What was advertised in a colonial American newspaper 250 years ago today?

“A GENERAL ASSORTMENT OF BOOKS … AN ASSORTMENT of CURIOUS HARD-WARE.”
John Sparhawk sold a variety of goods at the “LONDON BOOK-STORE” on Second Street in Philadelphia in the early 1770s. He ran an advertisement in the February 24, 1772, edition of the Pennsylvania Packet to announce that he had in stock “A GENERAL ASSORTMENT OF BOOKS,” listing a dozen titles. Like many other booksellers, he also carried “papers and stationary of all kinds” as well as patent medicines popular among consumers.
A good portion of the inventory he promoted in his advertisement, however, deviated from the sorts of ancillary merchandise that most booksellers sold. Sparhawk devoted more space in his advertisement to “AN ASSORTMENT of CURIOUS HARD-WARE” than to “Blackstone’s commentaries,” “Kalm’s history of America,” and other books. He had everything from “A variety of spectacle” to “An assortment of very neat pocket and horse pistols, brass and iron barrels, bolted, plain and silver mounted” to “Pinchbeck buckles of the best kinds” to “Knives and forks, from the best to the common kinds in wood boxes or shagreen cases.” Shoppers encountered the same sorts of merchandise at the “LONDON BOOK-STORE” that they found at general purpose stores around town.
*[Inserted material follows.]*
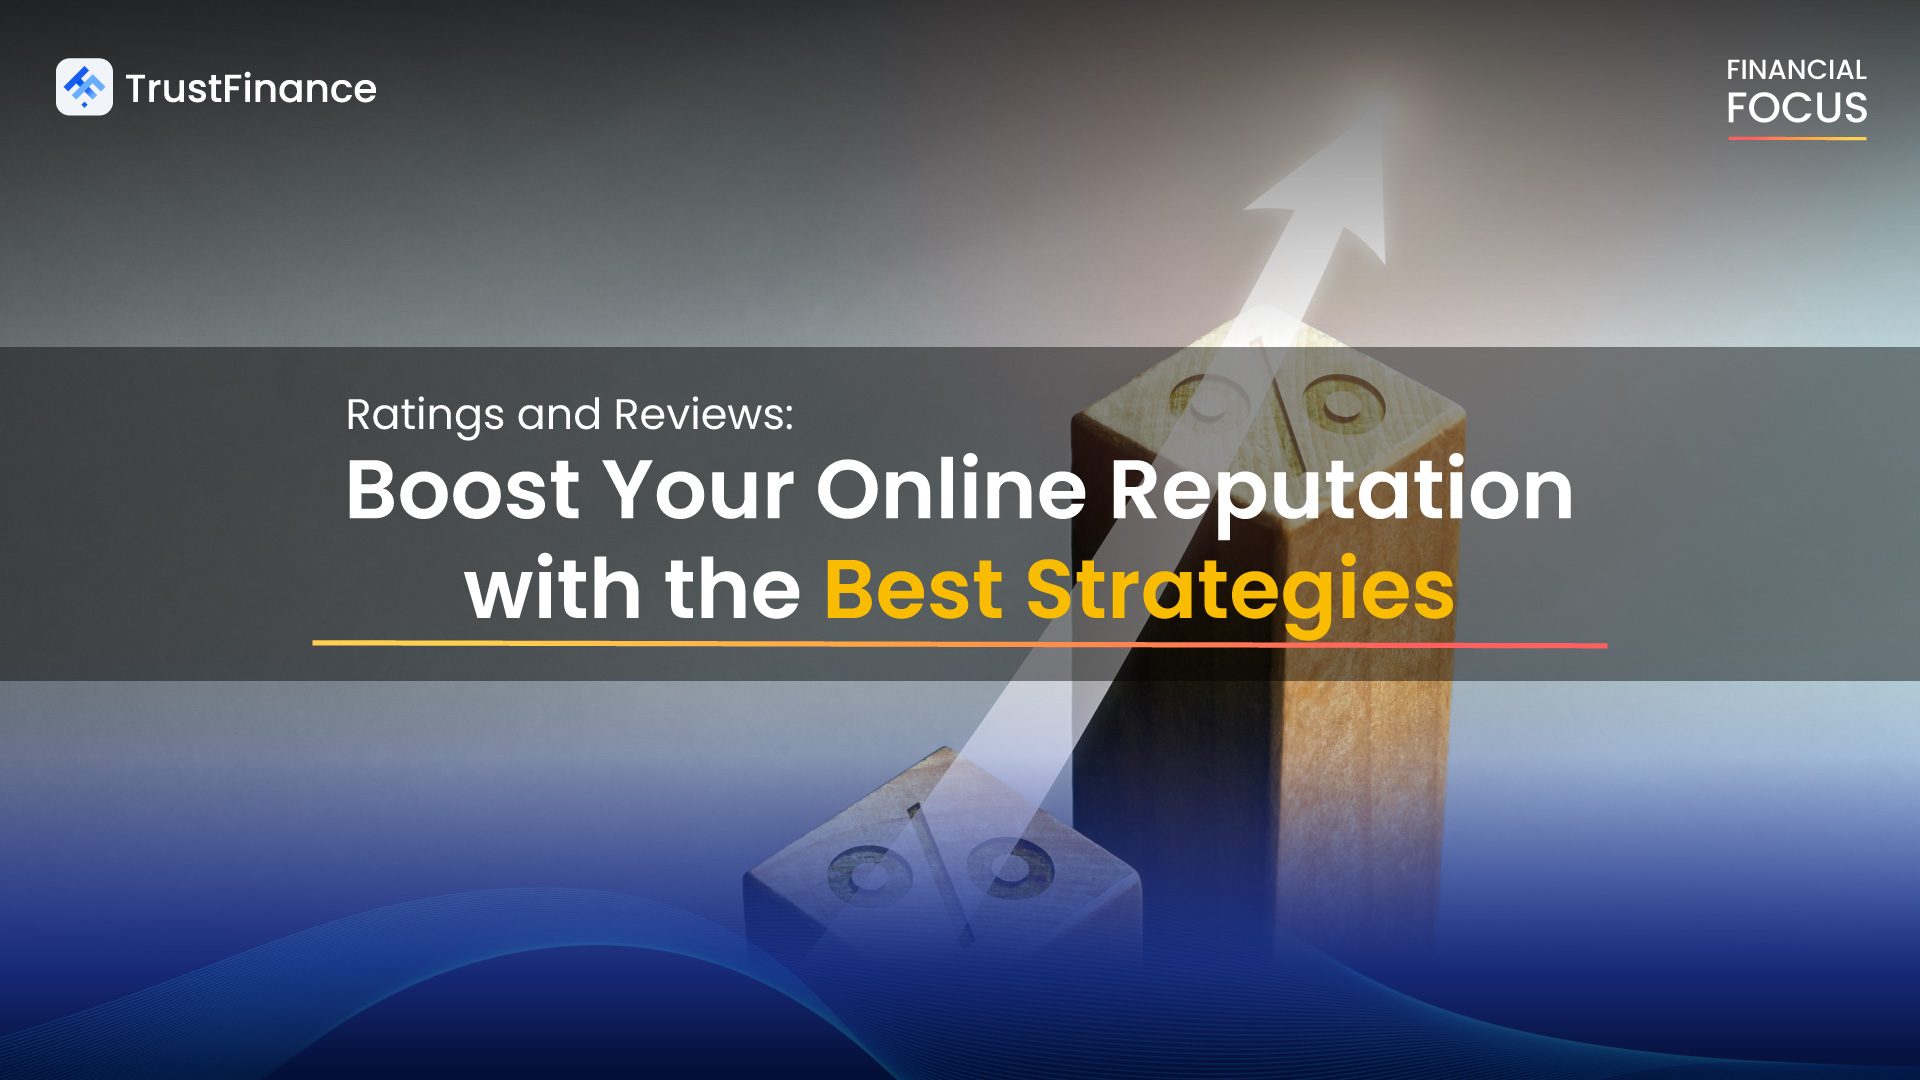 Ratings and Reviews: Boost Your Online Reputation with the Best Strategies

Even though his list of tea urns, gloves, scales, and other wares occupied more space than his catalog of books, Sparhawk did draw attention to two books in particular. In a nota bene, he advised prospective customers about bargains for purchasing American editions of two medical texts. They got a great deal on “TISSOT’S Advice to the People with regards to their Health, an American edition, at 10s. the London edition is 15s.” Similarly, they could acquire “Dimsdale’s present method of Innoculation for the Small-pox, at 3s. 9d.” for an American edition, but “the London edition is 6s.” Sparhawk also noted that he “has a few sets of the 12th, 13th and 14th volumes of Van Swieten’s Commentaries, to match the eleven preceding,” for those who wanted to complete their sets.
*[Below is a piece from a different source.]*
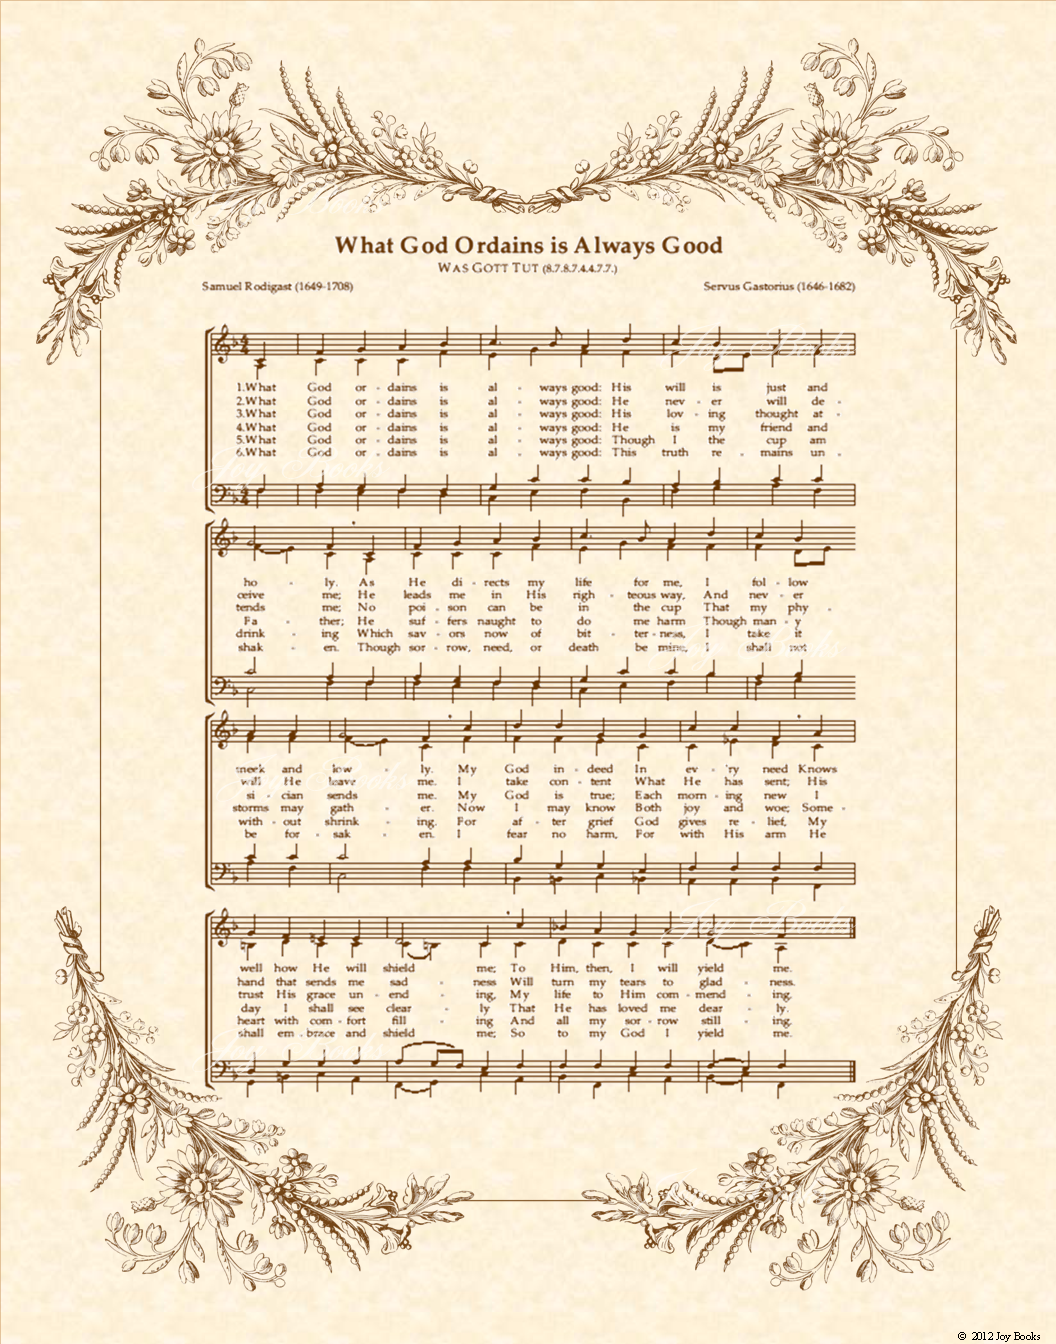 What God Ordains Is Always Good - Christian Heritage Hymn, Sheet Music, Vintage Style, Natural Parchment, Sepia Brown Ink, 8x10 art print ready to frame, Vintage Verses

Booksellers often diversified their inventory with stationery, writing supplies, and “DRUGS AND MEDICINES” to generate additional revenues. Most, however, did not advertise extensive selections of other kinds of merchandise. Sparhawk made it clear that customers could browse far more than books when they visited the “LONDON BOOK-STORE,” yet he also made special appeals about some of his books to demonstrate that customers interested in that branch of his business would be well served. In some ways, the diversification of merchandise available at many modern book stores resembles Sparhawk’s strategy for earning a living in eighteenth-century Philadelphia.